## Exercise requirements
Where the line containing "[心火不熄·步履不止] V7 CLUB第28届员工大会圆满落幕-昆明V7" appears below, begin there and reproduce each line exactly through the last one, omitting pictures.

## Supplied information

- Opening Delimiter -

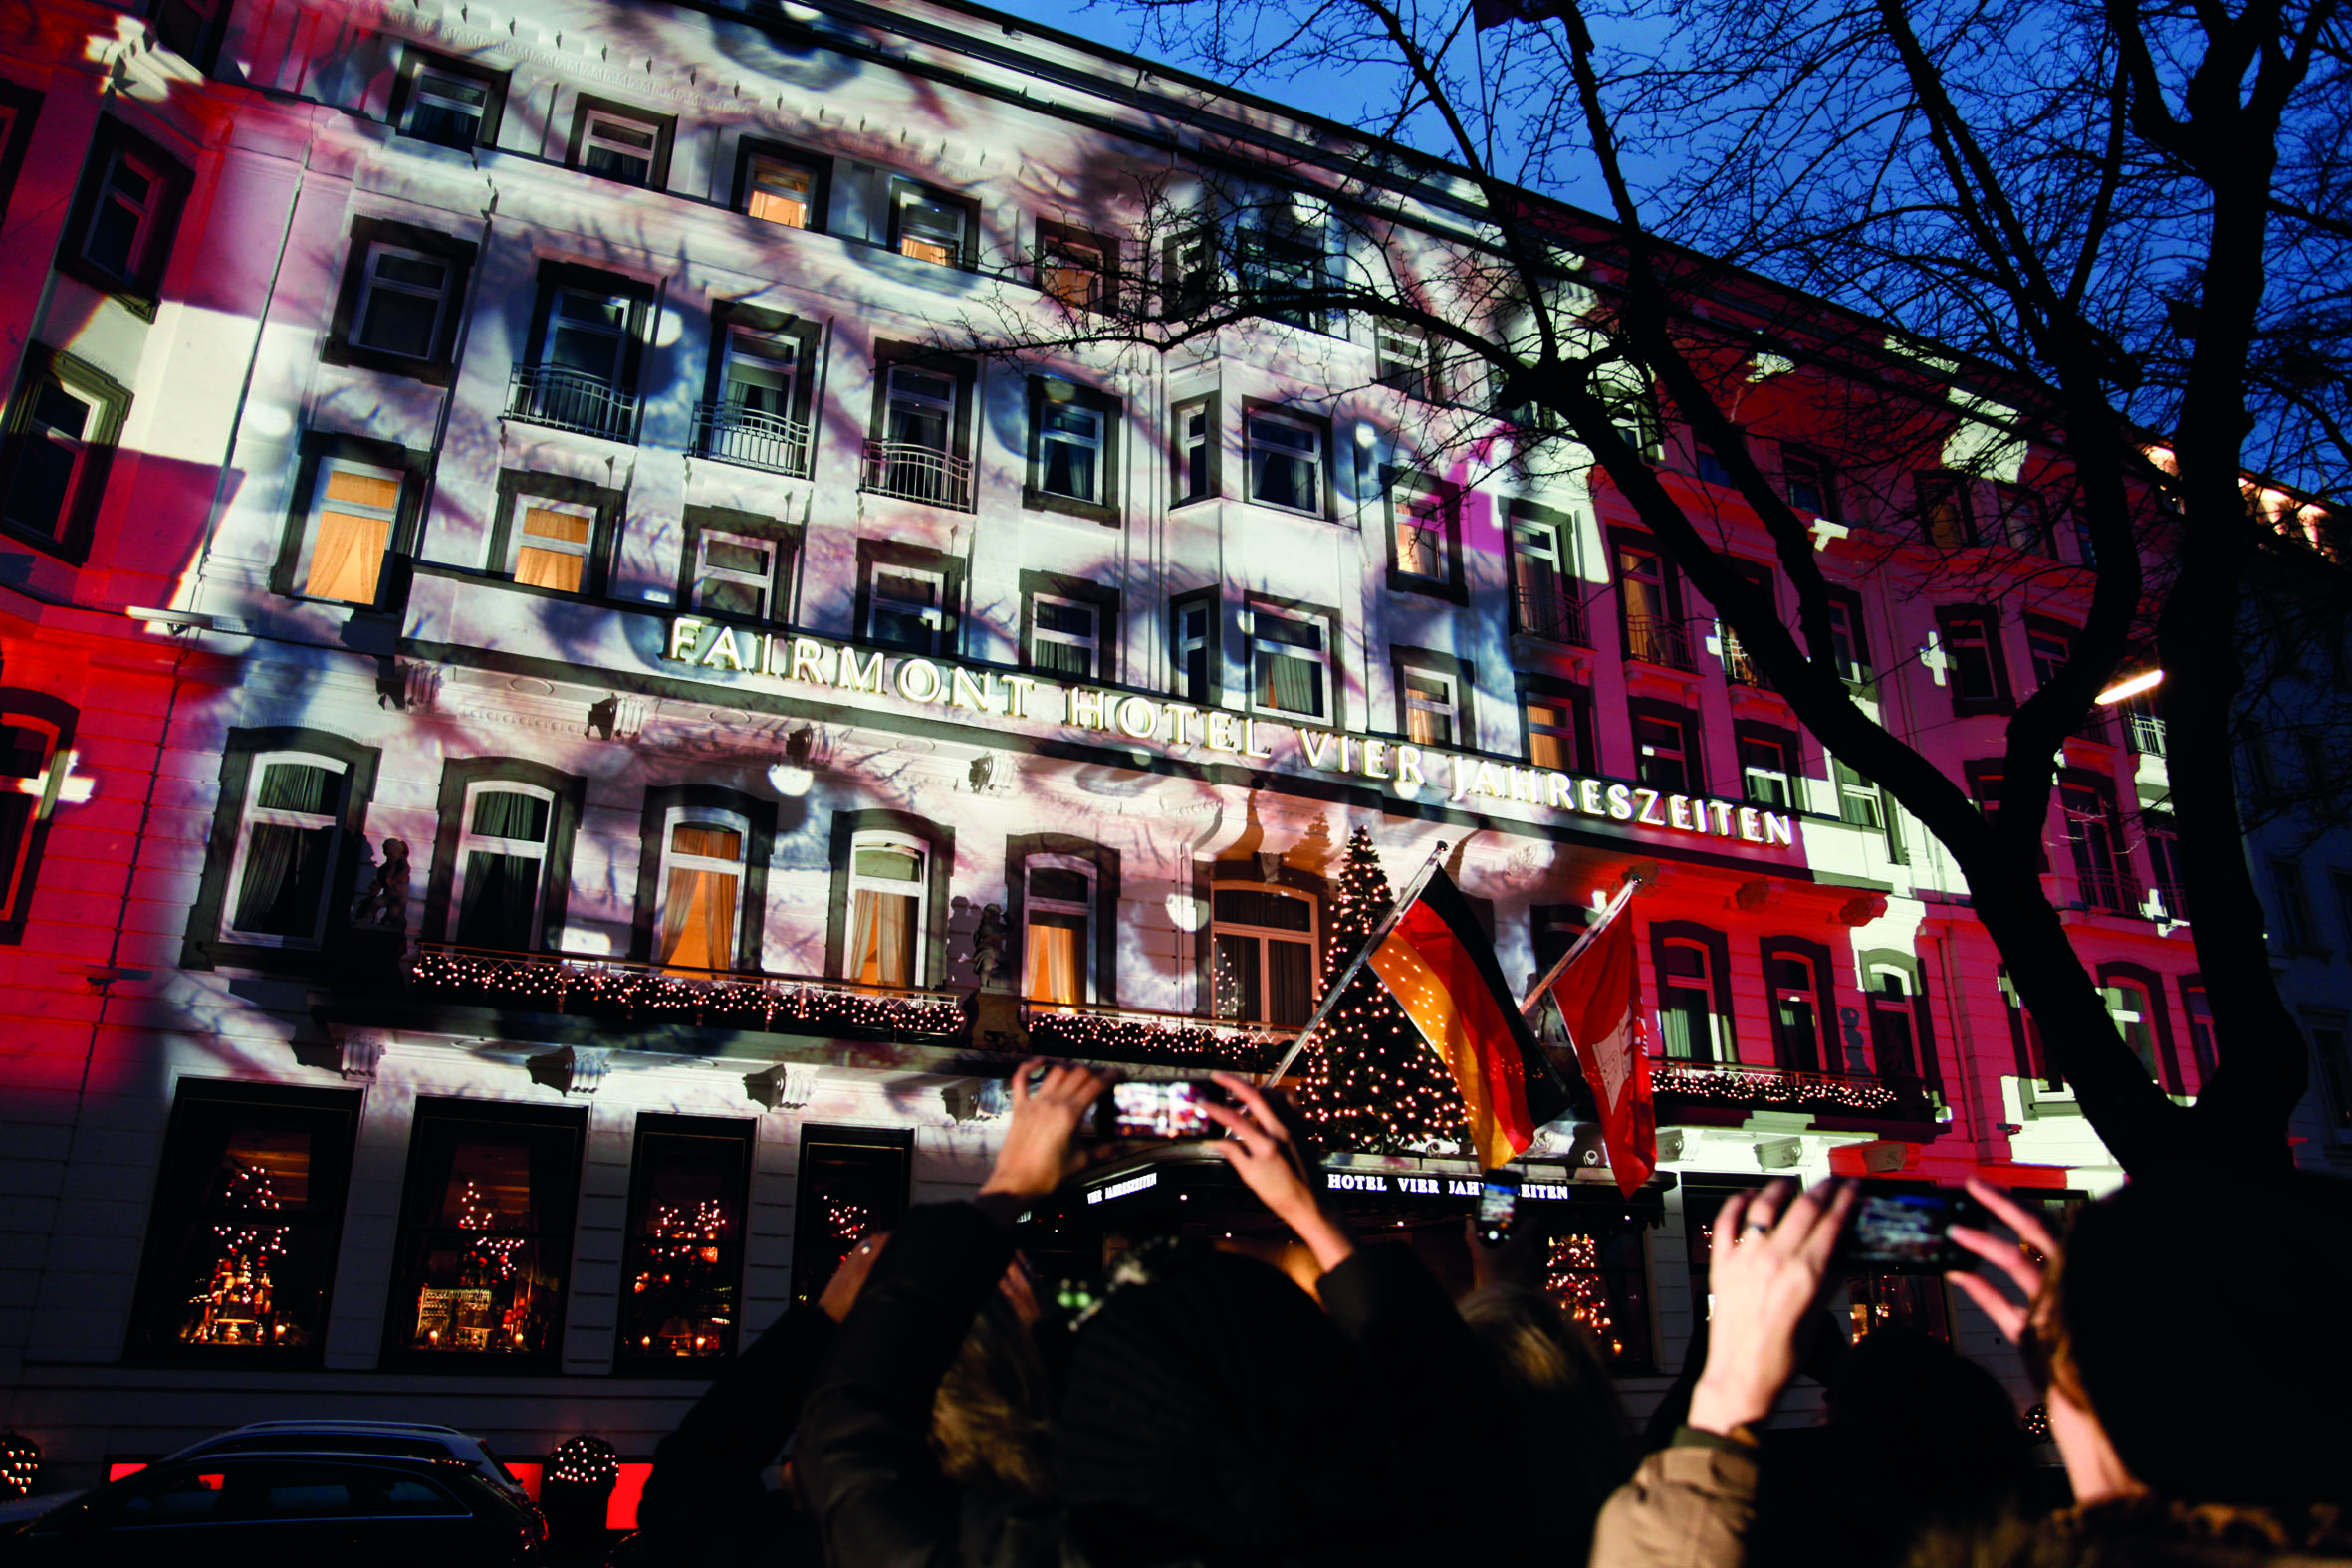 Spektakuläre Lichtinstallation am Fairmont Hotel Vier Jahreszeiten Hamburg – PR-Aktion von Swiss für mehr Achtsamkeit im Umgang miteinander
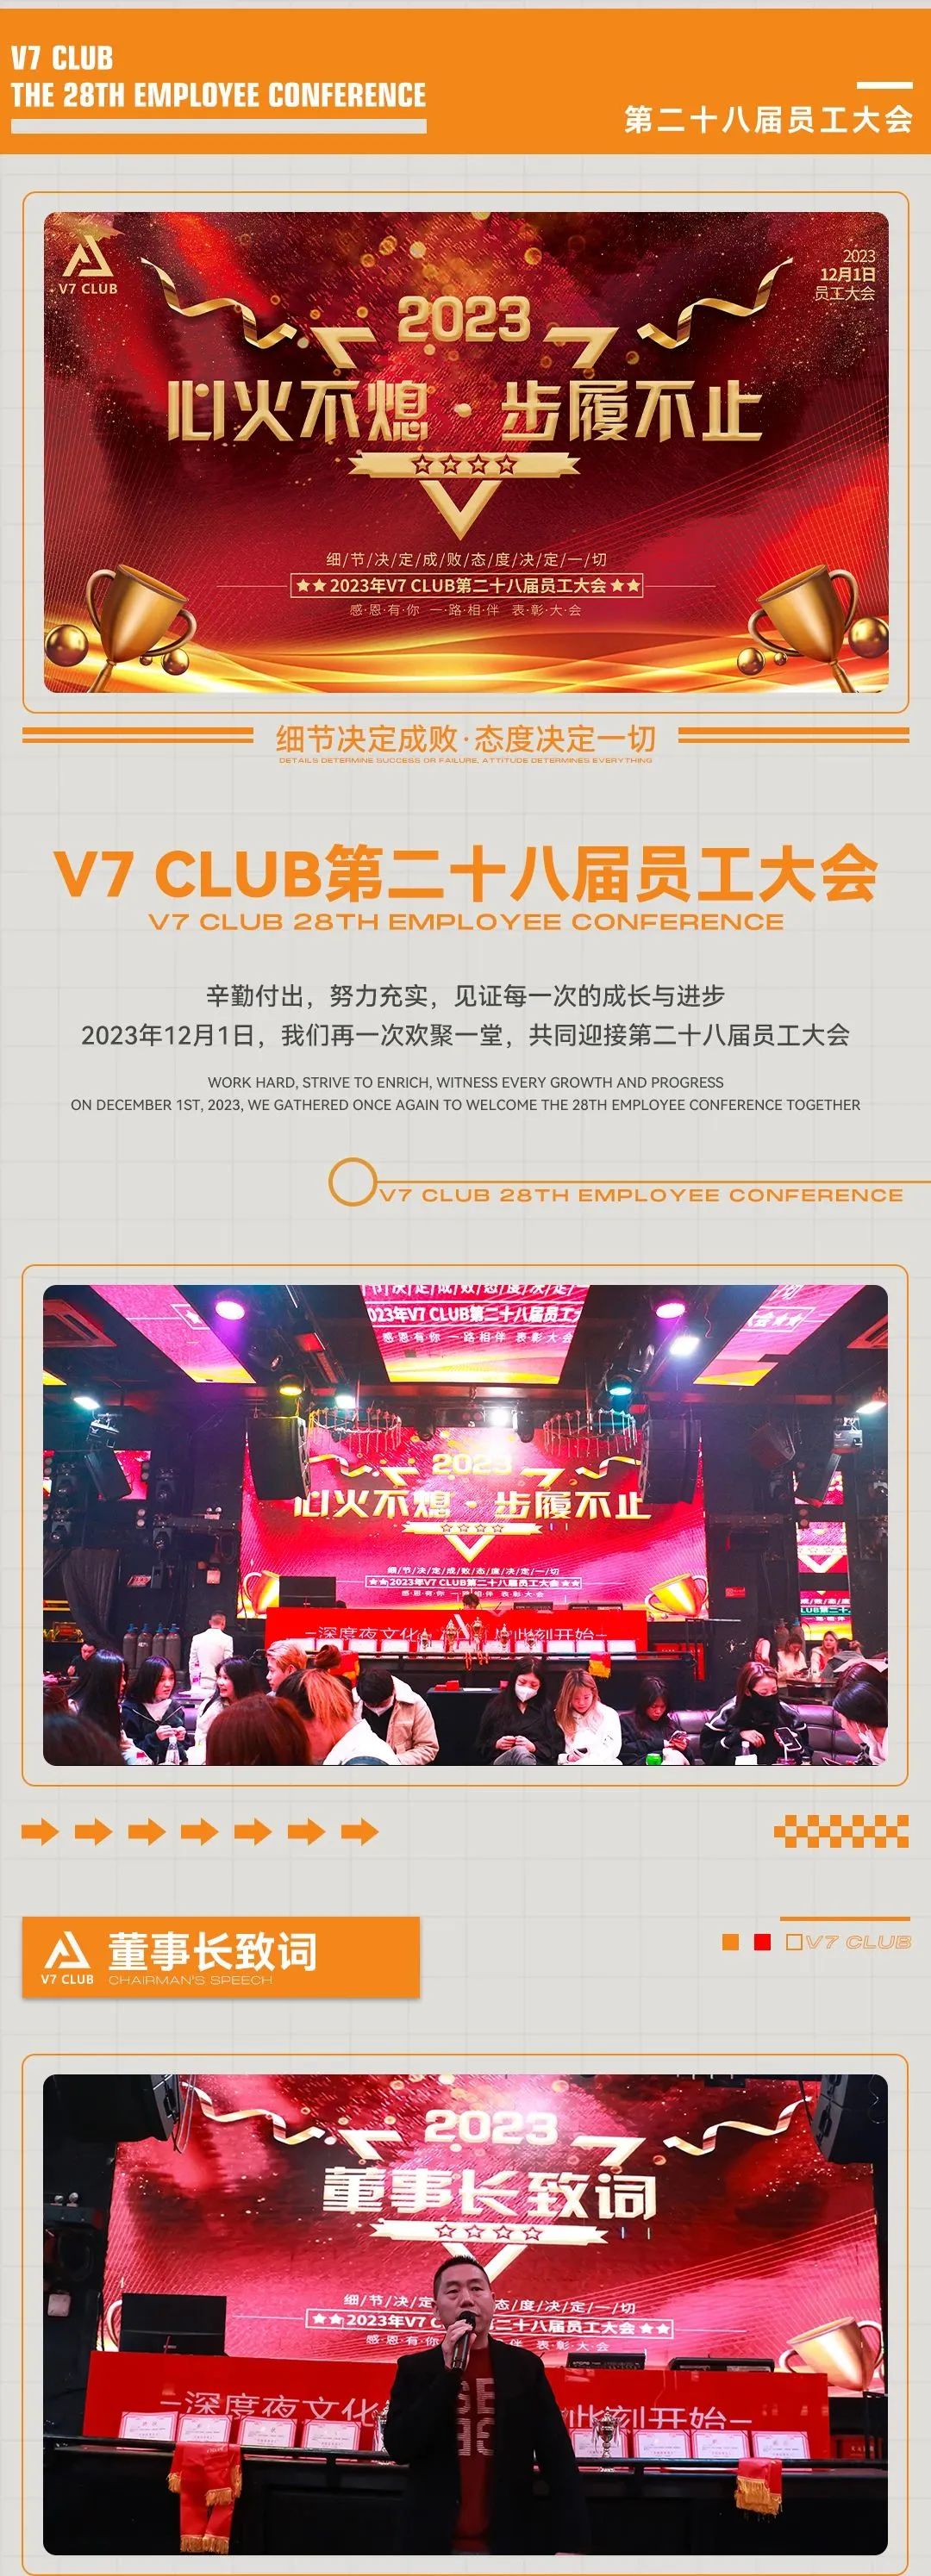 [心火不熄·步履不止] V7 CLUB第28届员工大会圆满落幕-昆明V7 CLUB/V7酒吧
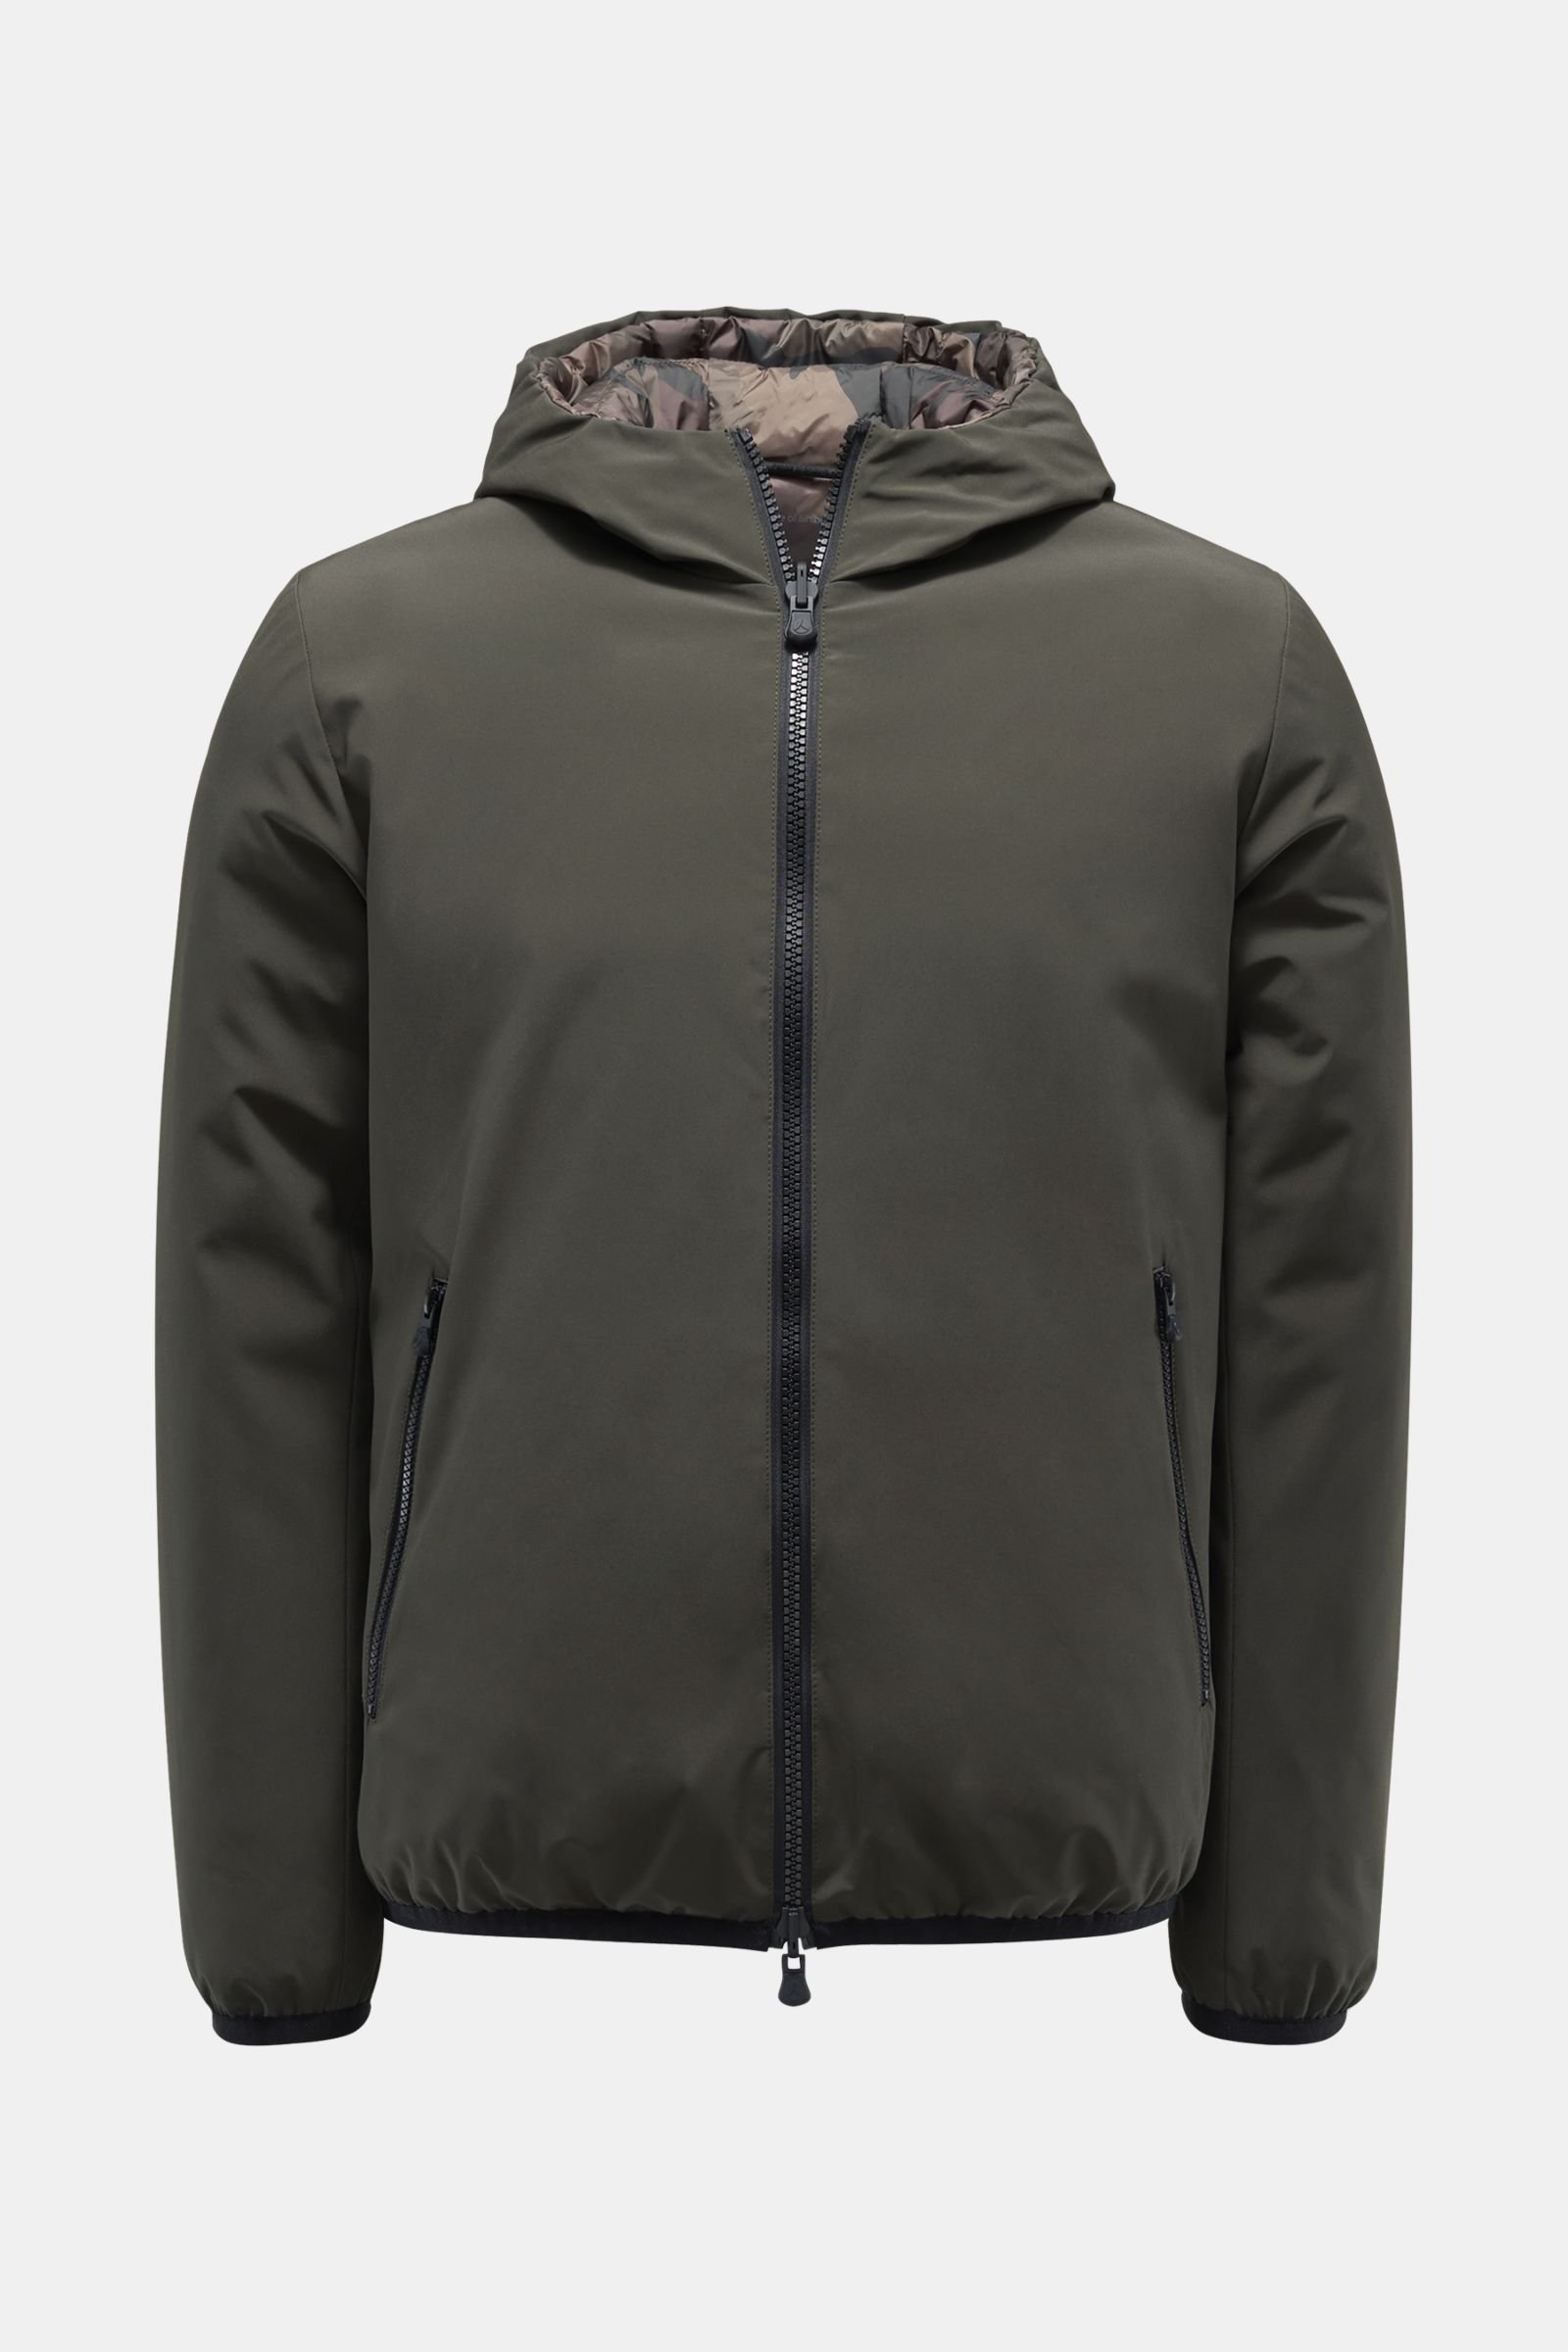 Reversible jacket 'Toshiro' olive/dark olive patterned

- Closing Delimiter -

## The answer
 [心火不熄·步履不止] V7 CLUB第28届员工大会圆满落幕-昆明V7 CLUB/V7酒吧
 Reversible jacket 'Toshiro' olive/dark olive patterned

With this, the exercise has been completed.